Foreclosed from defunding this apparatus, the 2020 mass strike shifted into economic tactics to make life livable, such as the Great Refusal and “quiet quitting,” alongside union activism to raise wages. Workers now refuse to take minimum-wage jobs, or to return to five-day-a-week commuting. The final act of strike breaking is, then, the ongoing effort by the Federal Reserve to discipline the workforce via mass unemployment.
Reform Produces Reaction
Just as Democrats failed to back up the 2020 strike with concerted action, so did Germany’s Social Democratic Party (SPD) pass a resolution condemning “direct mass action” in 1906. Committed solely to parliamentary reform, the SPD believed gradual but inevitable progress would deliver the change they sought, an axiom of US liberal thinking today.

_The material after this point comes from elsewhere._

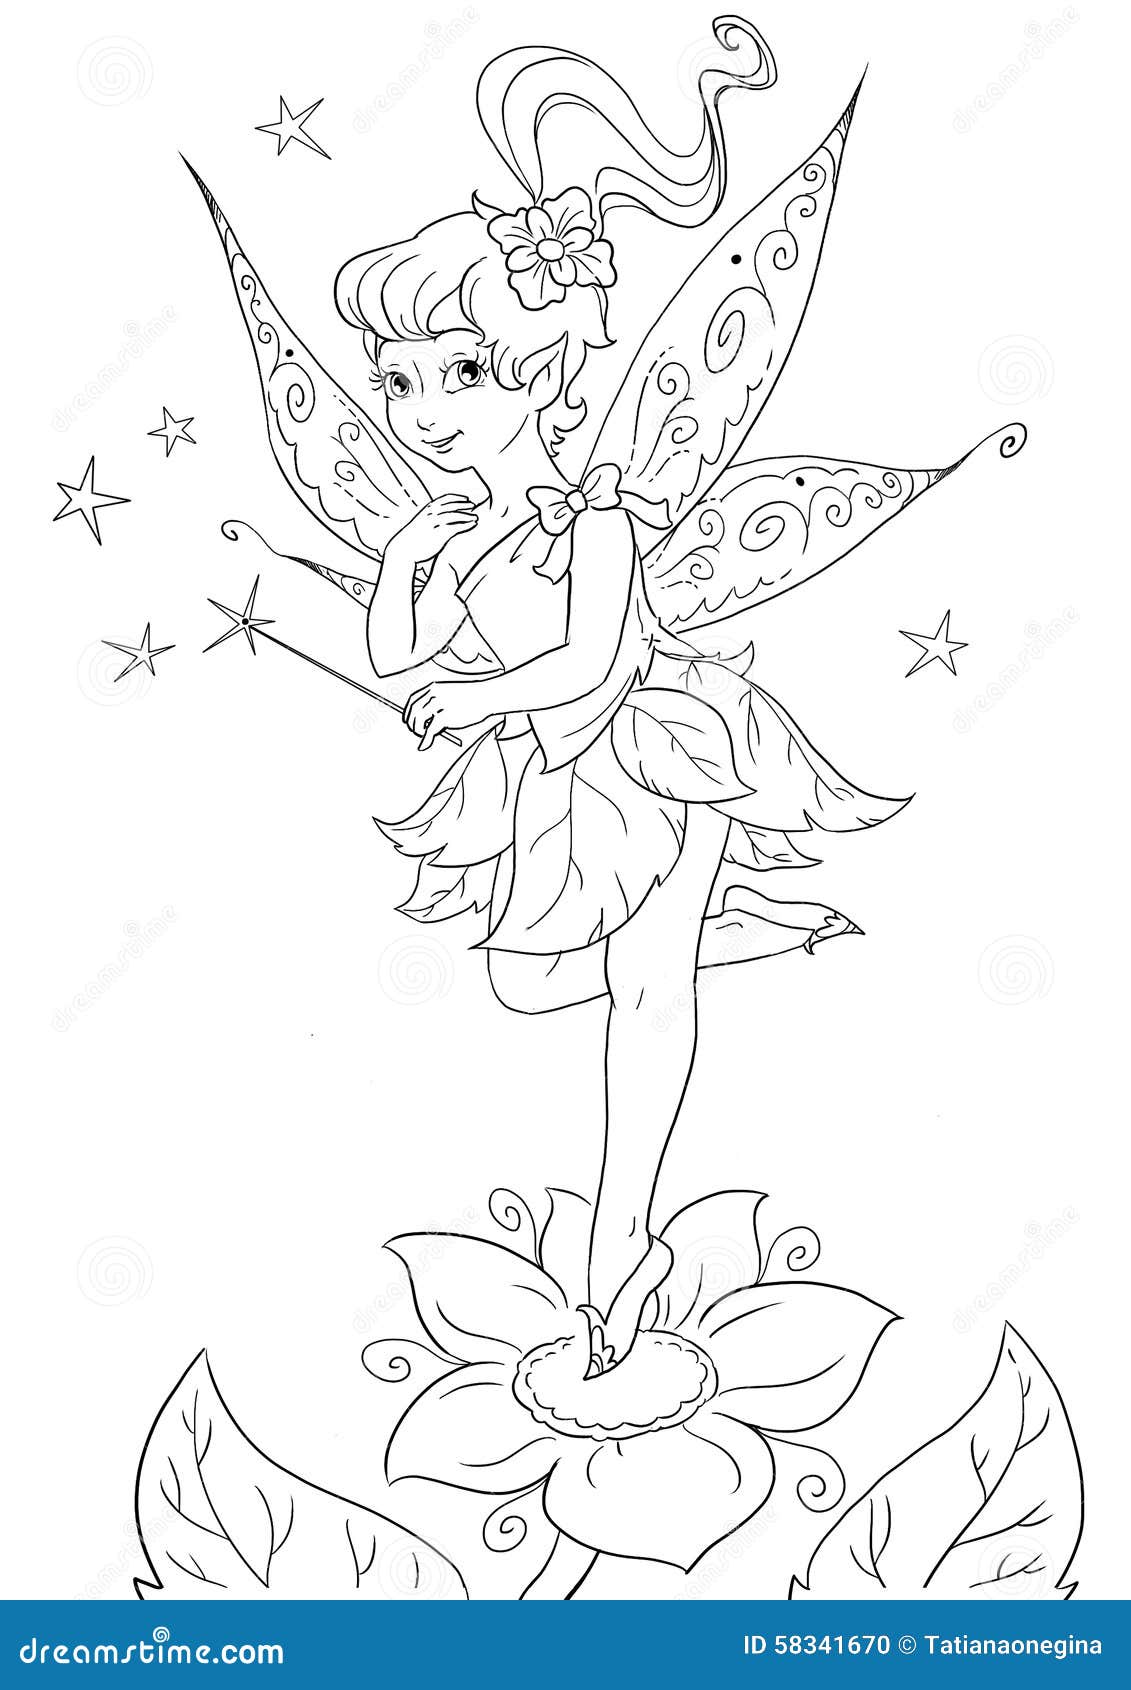 Magic wand coloring page stock illustrations â magic wand coloring page stock illustrations vectors clipart

Instead, as Luxemburg foresaw, the SPD collapsed both itself and the Second International with its disastrous vote for war credits on August 4, 1914, inaugurating the First World War. The previous decade of insistence that workers would not fight each other gave way overnight to imperialist and nationalist war, resulting in millions of deaths.
In other words, being “cautious” and “reasonable” led to the catastrophic triumph of unreason. Has something similar not happened since 2020? By refusing any involvement with what they call the “defund the police agenda,” have mainstream Democrats validated white supremacy?
That is, if the Uprising’s response to militarized white supremacy was a co-ordinated set of proposals—ranging from using social workers not cops when mental health crisis is involved; to no new jails; and ultimately abolition—refusing all of them has become an (unintended) endorsement of white supremacy. For if the solution must be refused, it follows that there was no problem all along.
“What Next?”
This was Luxemburg’s question once the mass strike had been violently repressed. She wrote the final version of her pamphlet in prison.
The strike against white sight begins with the refusal to accept its consensus as reality and extends to the refusal to accept that transformative change is “unrealistic.” The far-right are trying to project their Lost Cause as reality. It won’t be the courts that decide whether that succeeds.
As the new academic year begins, those of us working in higher education are faced with a systemic effort to erase every effort to make white sight visible. It cannot just be the work of Black, Brown and Indigenous people to refuse that effort. What’s next is right now.
Quotes come from the pamphlet “The Mass Strike, the Political Party and the Trade Unions” (1906). Page numbers in the text.